A veces, uno se queda en el umbral de la “puerta de las maravillas indescriptibles” porque no está, sencillamente, preparado para traspasarla y conocer el “otro lado”. Se debe entonces perseverar y esperar el momento propicio. El Zhan Zhuang, como todo arte, es exigente, y, como señala Camus, “no hay arte allí donde no hay nada que vencer”. En mi práctica de “Abrazar el Árbol” no encontré un obstáculo físico específico como le pasó a María Antonieta, pero existen resistencias de otro tipo, que sólo una práctica cotidiana, como la gota de agua que horada la roca, logra ir desanudando –desnudando.
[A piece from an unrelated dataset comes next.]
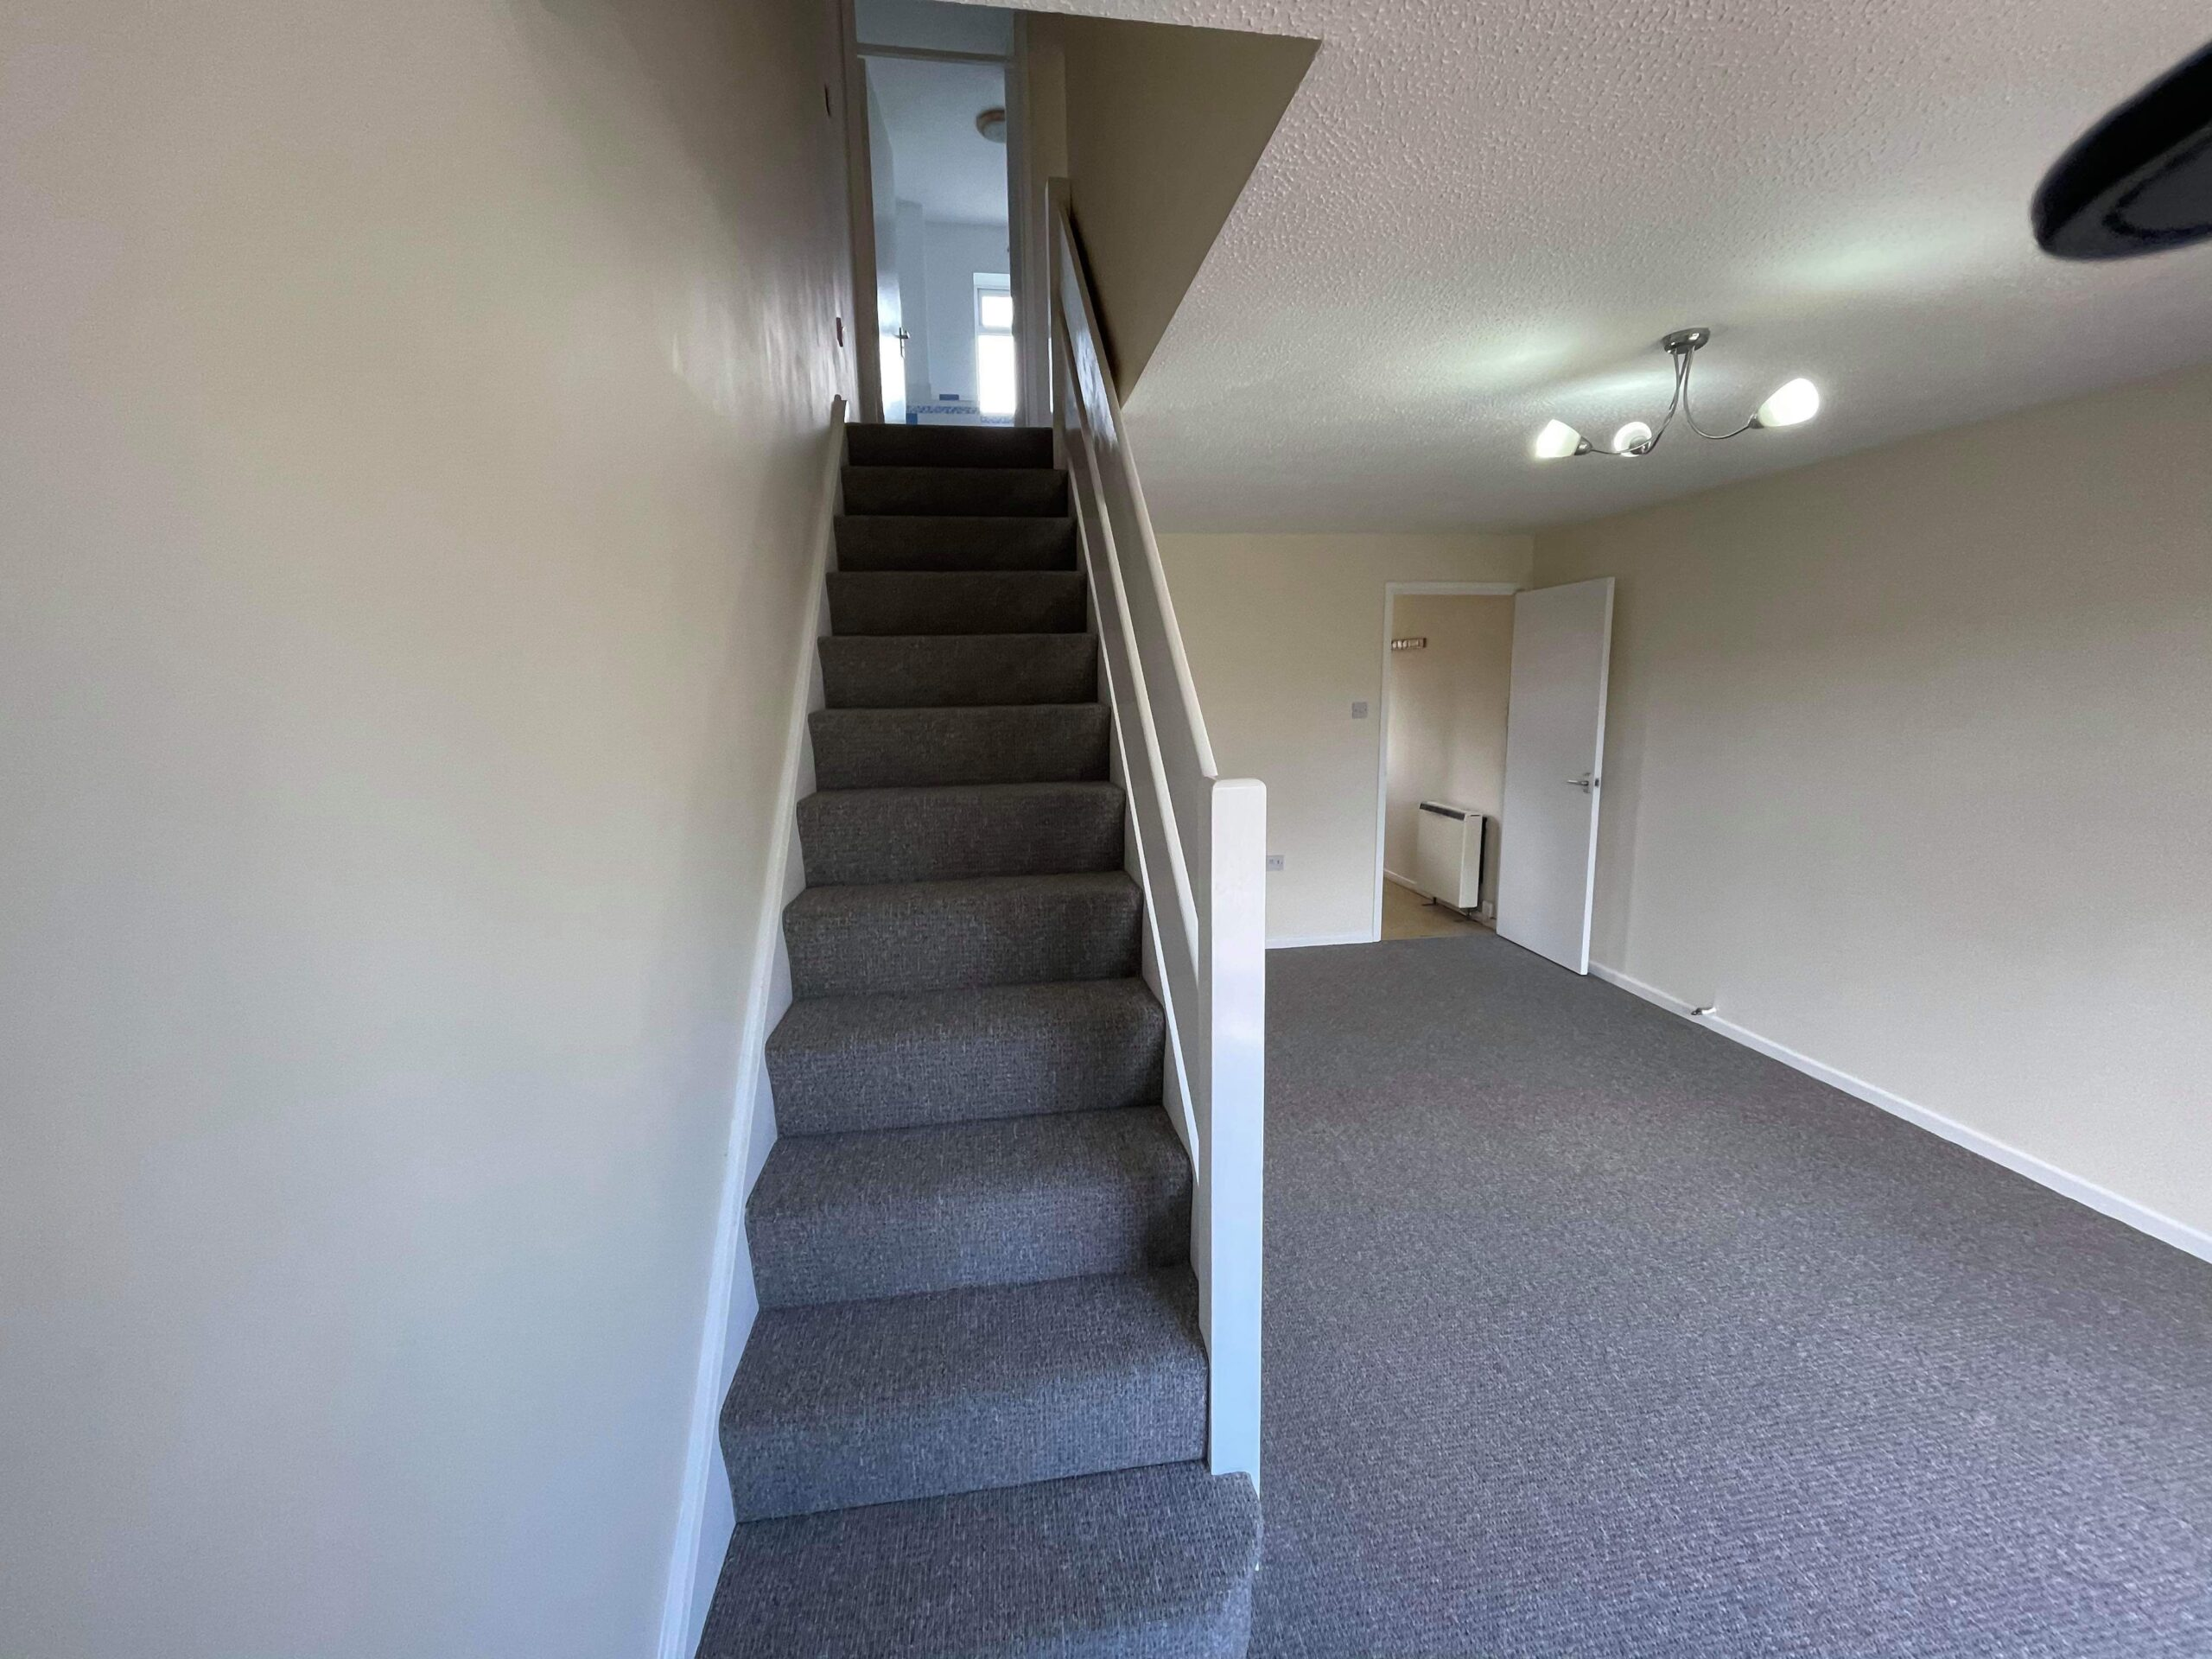 23 Meadvale Close, Longford, Gloucester GL2 9AU

“En un primer nivel, si la postura estática y el Taiji se hacen correctamente, se eliminan los bloqueos que existen en la estructura corporal, y de esa forma puede llegar a unificarse. Ocurre algo similar a nivel psicológico una vez que el objetivo no es sólo buscar un desbloqueo físico, sino vaciar la mente. Cuando la mente está tranquila tu percepción del mundo y de la gente que te rodea, cambia.” (Entrevista a Sam Tam y Jan Diepersloot por Teresa Rodríguez. Revista Tai Chi Chuan No. 6 Invierno 2005)

Si la dificultad inicial de la posición de abrazar el árbol es básicamente mantener la postura correcta e ir aumentando progresivamente el tiempo de ejercitación, los obstáculos que van apareciendo más adelante en el camino del practicante son de otro orden. Yo diría, generalizando, que se trata de una resistencia a un proceso de transformación que quizá se acerque demasiado a -inventando un neologismo- la “dendrantropía” (“dendrontropismo”), es decir, a la transformación del humano en árbol. Así como existe la teriantropía (teriomorfismo), la transformación de un hombre en animal, también existe la del hombre en árbol, y como tal aparece en muchas creencias antiguas y mitologías. “Déndron” es la palabra griega antigua para “árbol”, y “antropos” significa “hombre”.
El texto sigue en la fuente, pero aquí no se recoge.